- **EXERCISE DATA**:
+++

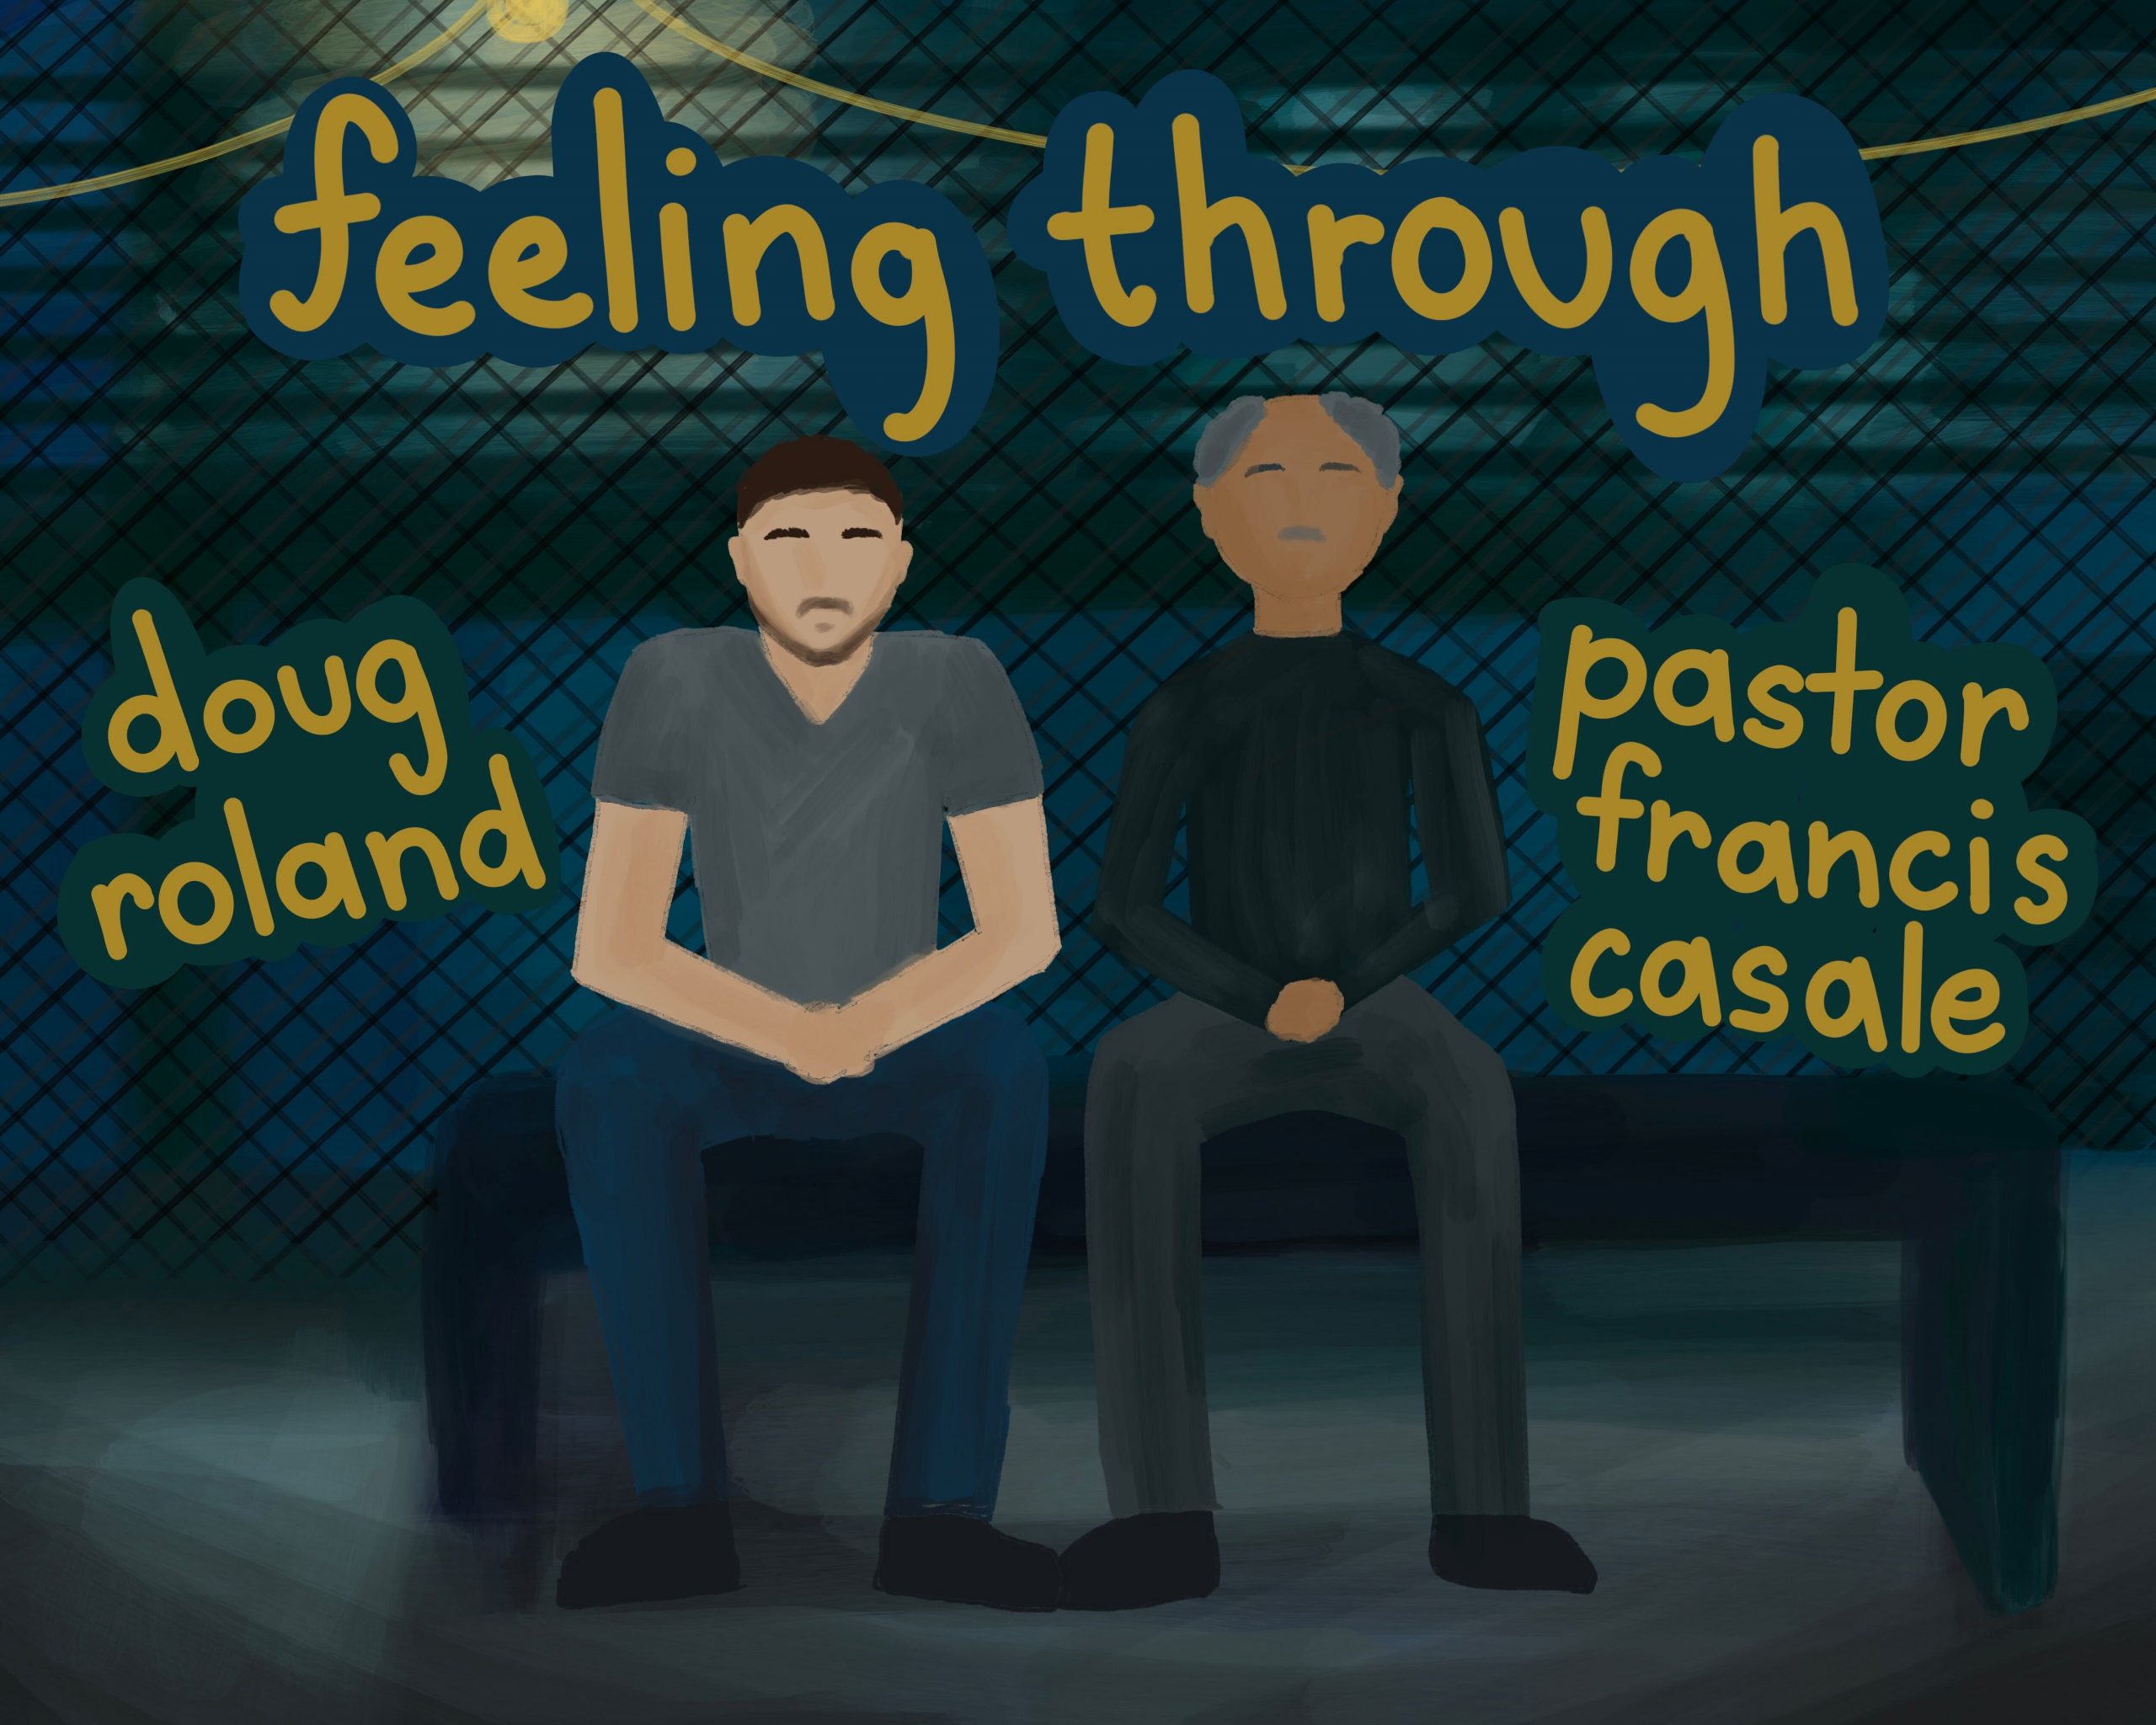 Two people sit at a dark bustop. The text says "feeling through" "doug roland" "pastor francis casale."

+++

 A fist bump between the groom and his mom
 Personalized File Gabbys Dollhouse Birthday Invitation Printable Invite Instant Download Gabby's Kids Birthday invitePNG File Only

+++

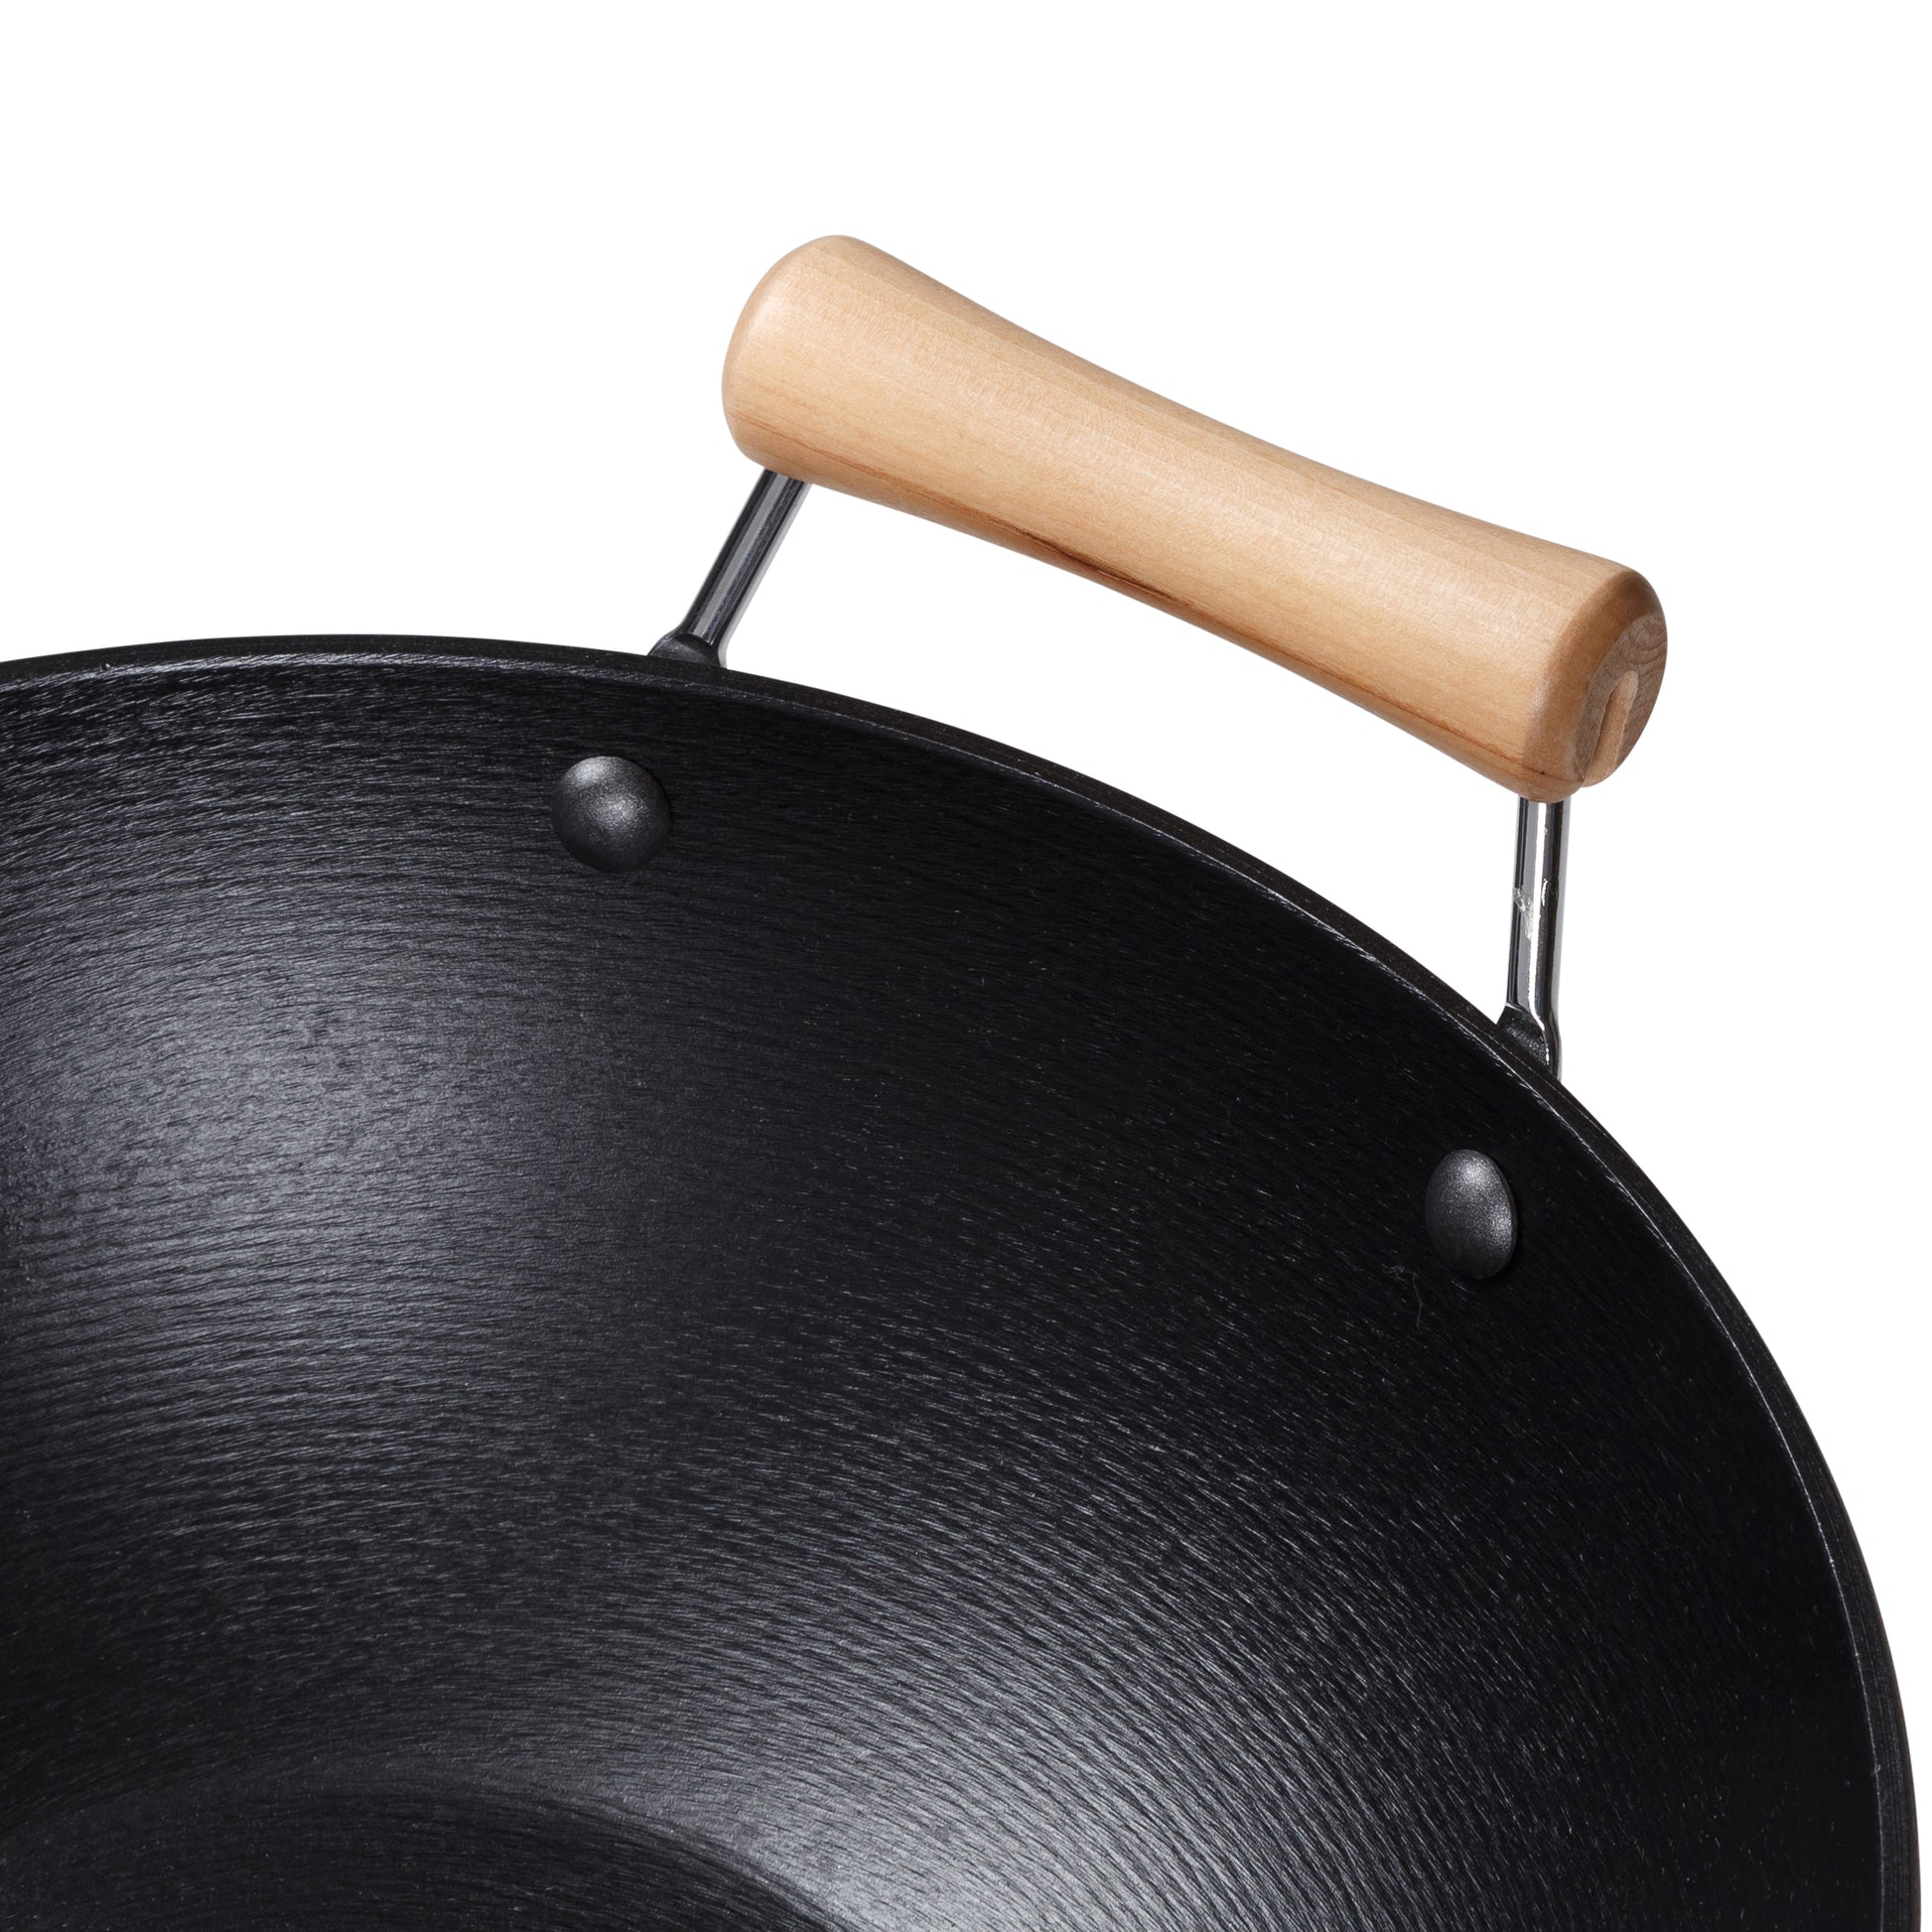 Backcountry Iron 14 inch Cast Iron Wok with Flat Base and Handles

+++

- **AIM OF THE TASK**: In the material above, transcribe exactly the lines beginning at the one with "A fist bump between the groom and his mom" and ending at the one with "Personalized File Gabbys", both included.

- **EXERCISE SOLUTION**:
 A fist bump between the groom and his mom
 Personalized File Gabbys Dollhouse Birthday Invitation Printable Invite Instant Download Gabby's Kids Birthday invitePNG File Only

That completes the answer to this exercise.